Parasite is probably one of the most deceptive films in theaters this year, but not because it looks like one thing and proves to be another. Rather, it is exactly what it looks like, and yet also isn’t, like Wittgenstein’s rabbit-duck. Revealing its basic premise won’t spoil it or damage the diverse twists and turns it takes, but trying to describe the actual events or characterizations would be to ruin the poetic, hilarious, horrifying film that director Bong Joon-ho has given us.
Therefore, at its barest bones: Parasite deals with a poverty-stricken family headed by Kim Ki-taek (Song Kang-ho), his wife, Chung-sook (Jang Hye-jin), son, Ki-woo (Choi Woo-shik), and daughter, Ki-jung (Park So-dam), who live together in a semi-basement apartment, where they make a meager living folding pizza boxes for a local chain. Ki-woo’s friend Min (Park Seo-joon) offers him an opportunity—take over Min’s job tutoring Da-hye (Jung Ji-so), a high school student and daughter of the wealthy Mr.

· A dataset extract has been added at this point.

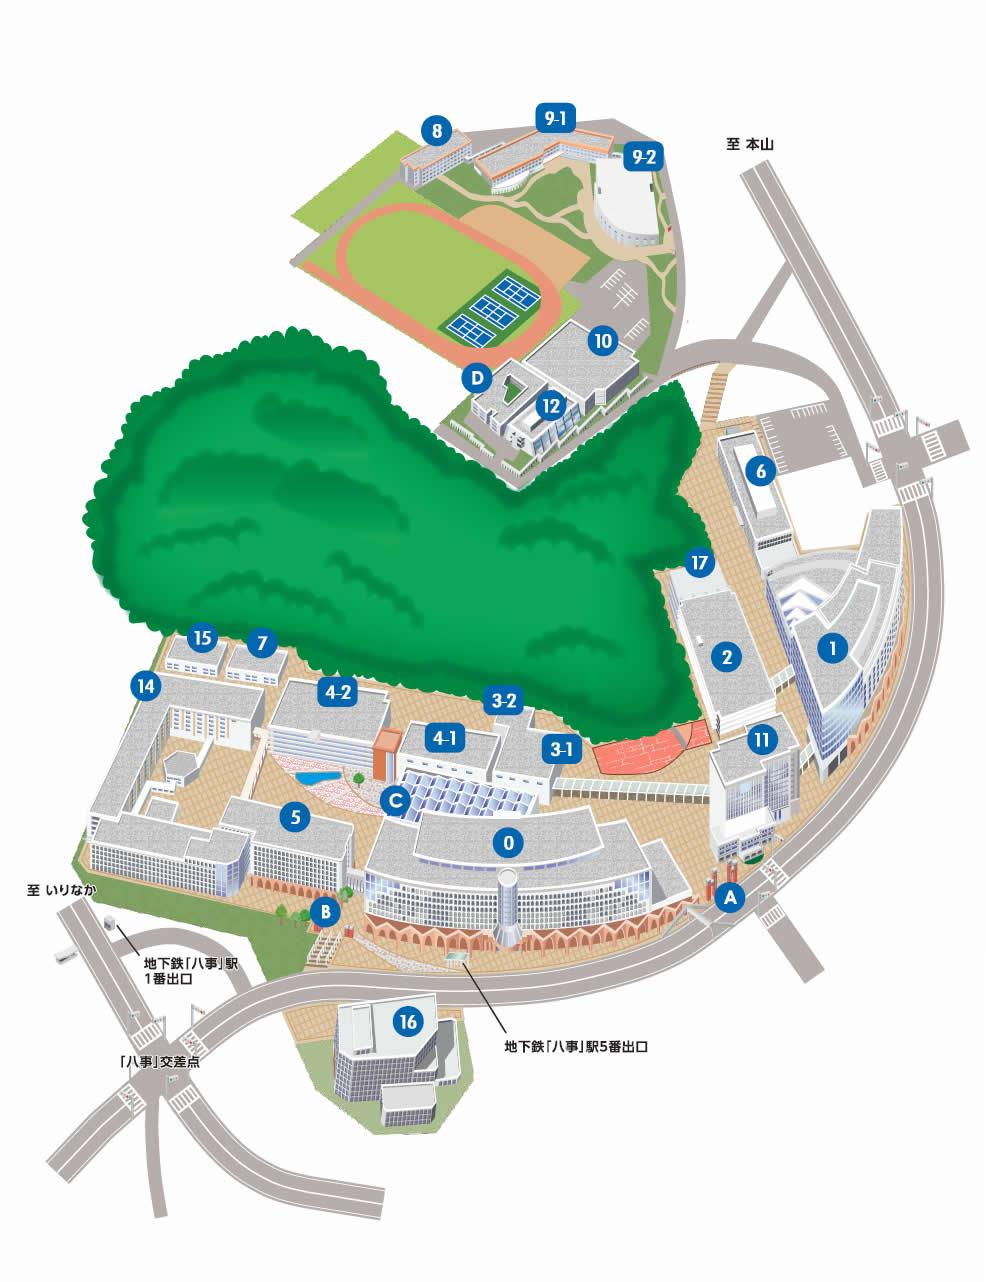 名古屋キャンパスマップ

Park (Lee Sun-kyun) in order to keep her away from the dangerous frat boys of the local college. Ki-woo accepts the job, and things spiral outward from there, as the Kim family becomes further enmeshed with the Parks.
Parasite’s twists and occasional shocks feed into a narrative about class hierarchy and the smaller, more insidious elements that separate the classes. At first, the Kims and the Parks are painted with broad strokes, the Kims as a family of intelligent con-people, the Parks as stupid and out-of-touch rich people. The result is often comedy: the Kims’ machinations are not particularly sinister, treated instead with a combination of lightness and complex morality. The film doesn’t exactly ally itself with the Kims. They’re not villains, but their choices are also not exactly honest, and while the Parks are not bad people, they are also not self-aware or particularly intelligent ones. The general lack of backstory further heightens the moral complexity—Ki-taek’s disappointments in life are briefly referenced, as is Chung-sook’s Olympian past, but the film avoids attempting to justify (or not) its characters’ behaviors based upon that. What is clear is that the Kims are intelligent and talented, and that the Parks are not, effectively skewering any argument for a capitalist meritocracy.

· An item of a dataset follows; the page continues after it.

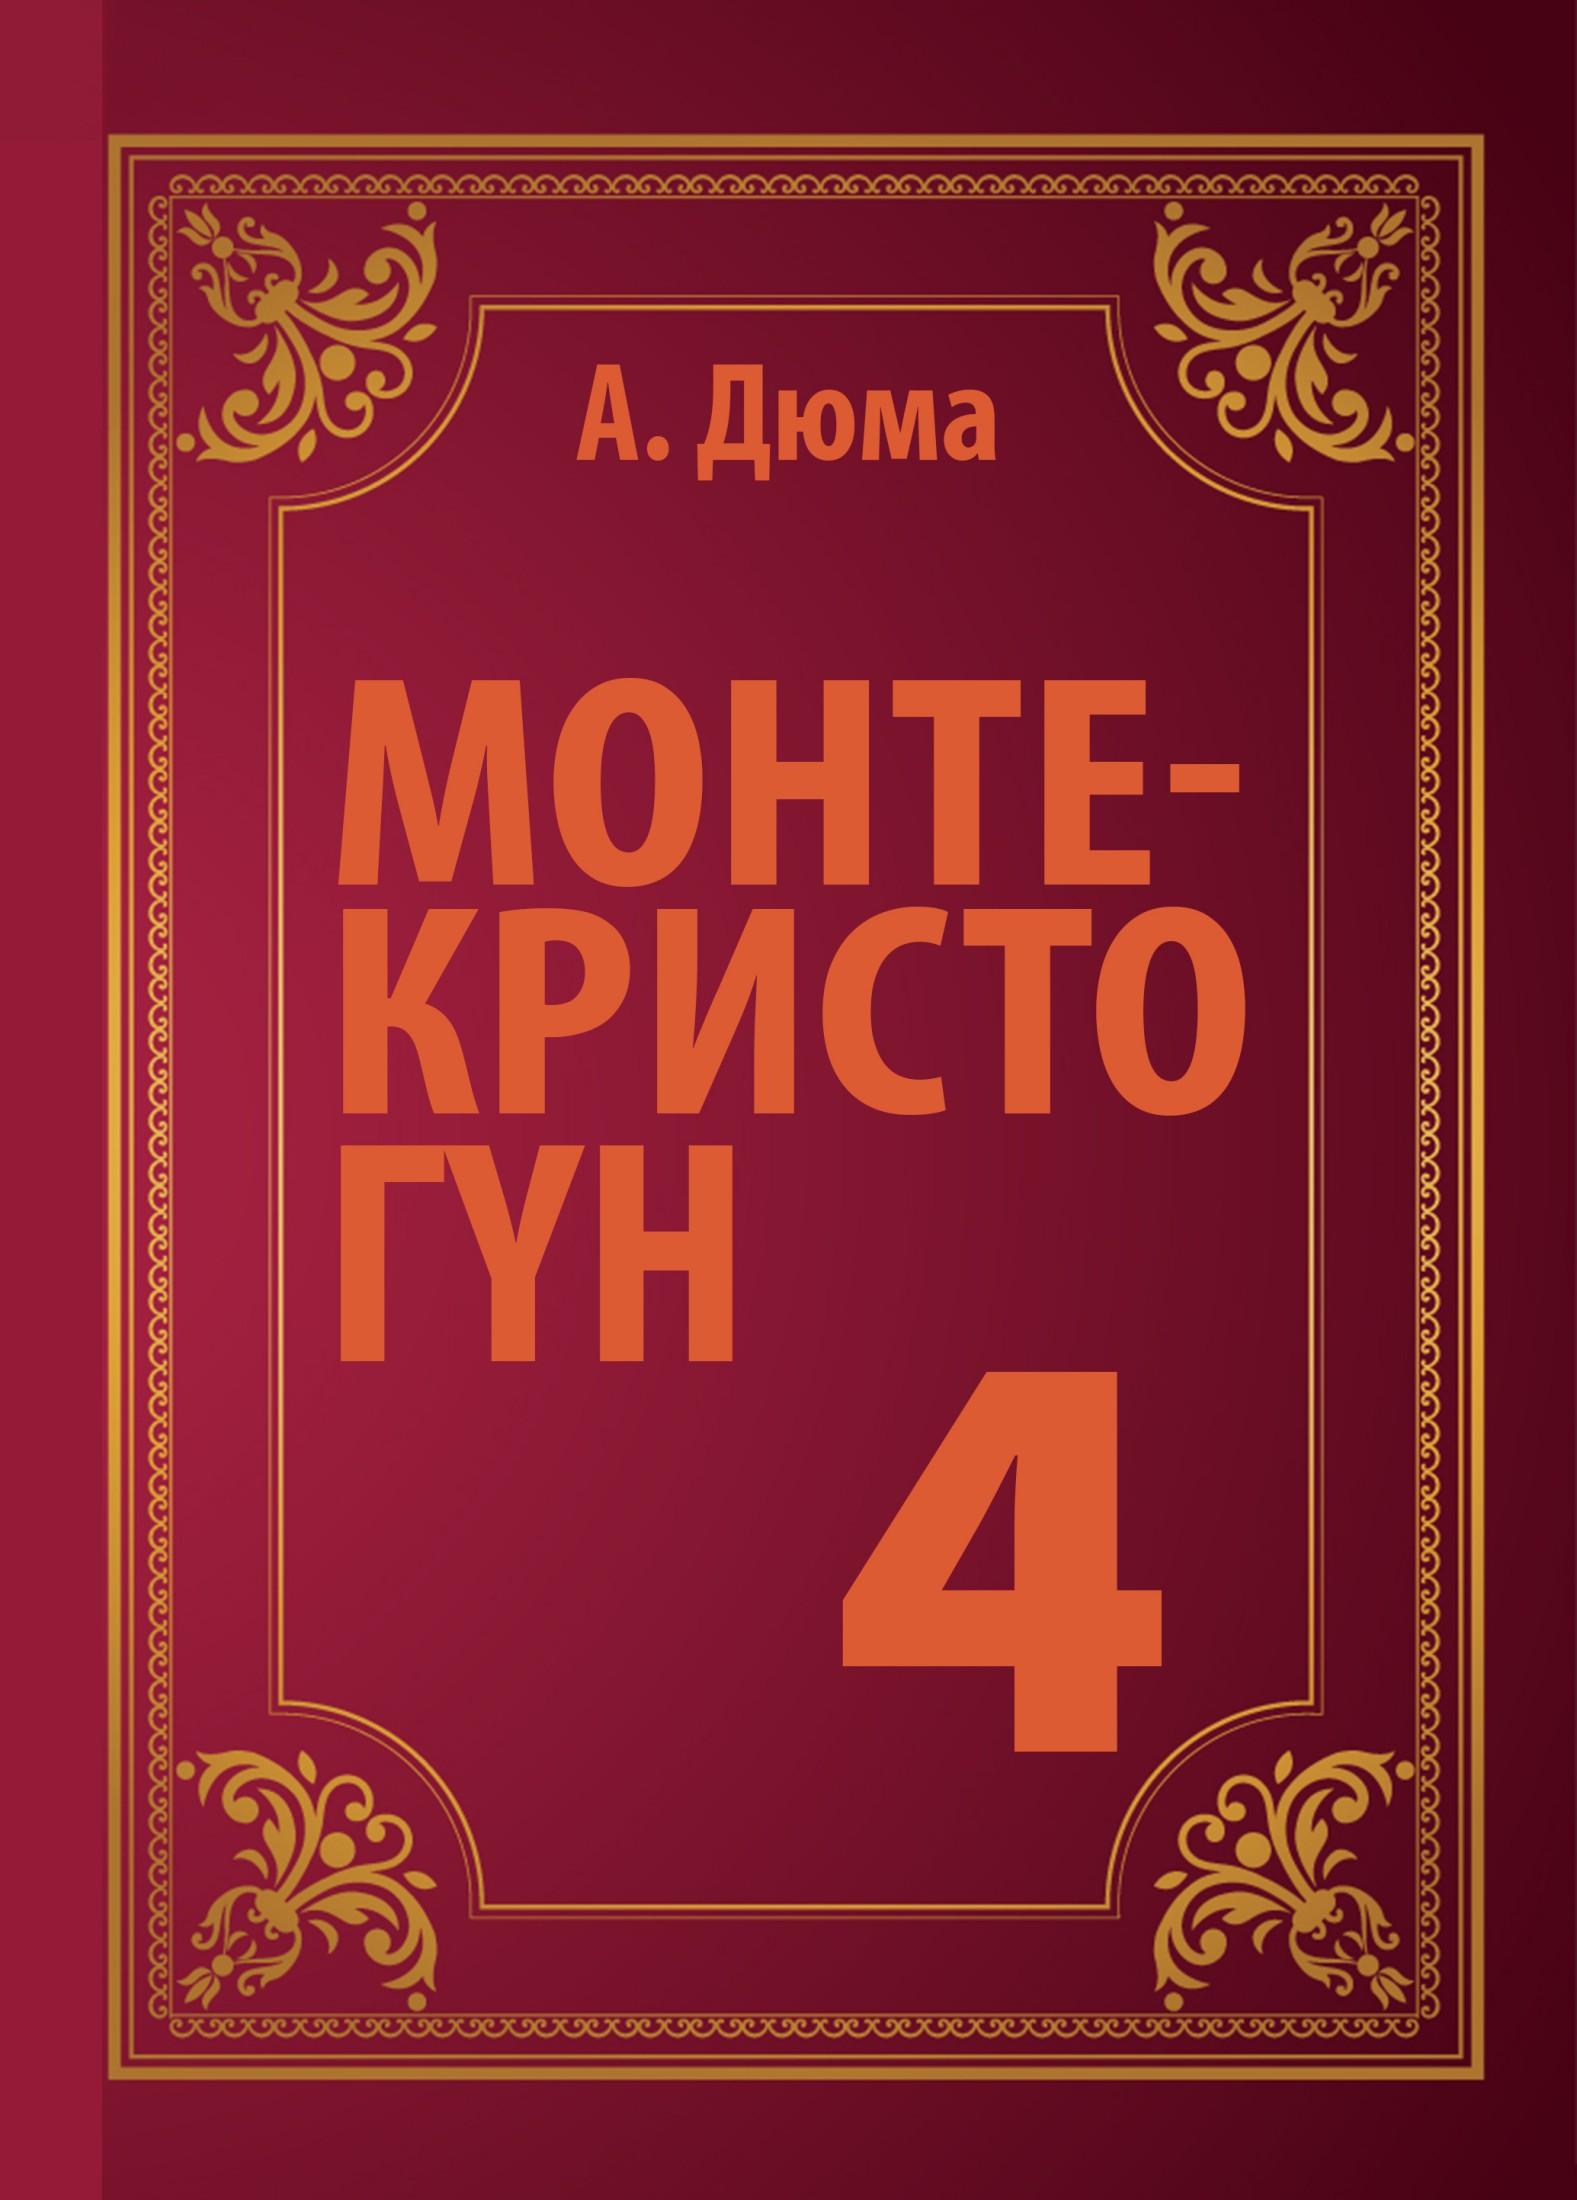 МОНТЕ-КРИСТО ГҮН 4

But Parasite is not a simplistic view of the class conflict that permits of easy or satisfying solutions. The conflict within the lower classes, and the way in which they’re pitted against each other, is also treated of in the film’s most striking scenes. In this, Parasite is a far more complex treatment of similar topics to those broached in Snowpiercer. Parasite needs no dystopian future to interrogate class structure—it is firmly embedded in the here and now. The film opens with the Kims trying to get a wifi signal, which they’re stealing from their neighbor; later, phones, and their multitudinous uses, figure into the plot in marked ways. Access to phones, information, and technology leads to power, but it is a complex and multifaceted kind of power, one that can change lives in an instant.

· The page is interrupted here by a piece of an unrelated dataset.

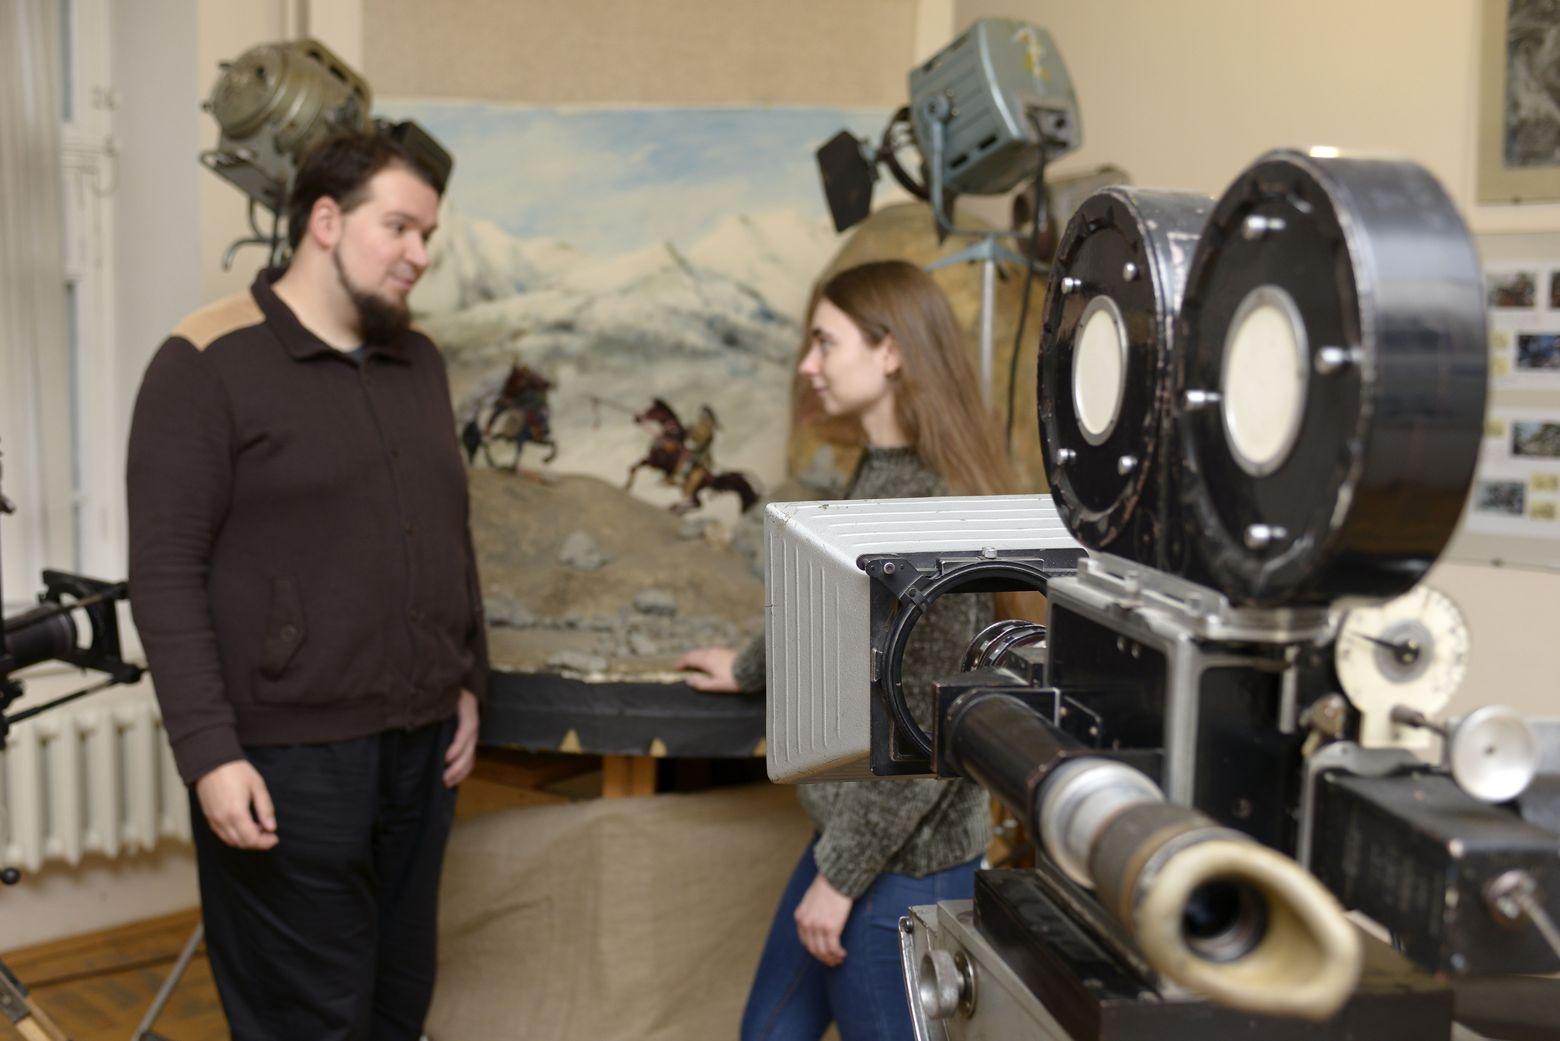 Музей белорусского кино. Киноквест в рамках фестиваля velcom Smartfilm

There is so much complexity, visually and thematically, contained in Parasite that it’s nearly impossible to distill in a single review, especially in trying to avoid spoilers. This is also its strength—the film itself is deceptive, in what it convinces the viewer it’s about, in what it proves to be about, and in the way it moves among its themes and characterizations with a fluidity that masks the brilliance of its structure. Bong Joon-ho folds in humor with pathos, deception with apparent clarity, seeing both the humor in the situations and the underlying horror in them. Yet there’s never a sense of whiplash, nor a sudden shift in tone. Parasite remains a single, fluid narrative, so well-structured and well-characterized that the viewer doesn’t realize what’s going to happen until it does.
By turns hilarious, harrowing, and horrifying, Parasite may well be Bong Joon-ho’s best film since Memories of Murder. Like that film, the story is about perspective, moral complexity, less about the solution than how we get there. But Parasite is also more sharply satirical, and even nastier, in its own way. Don’t read too much about it before going in, for Parasite will stay with you, long after it ends.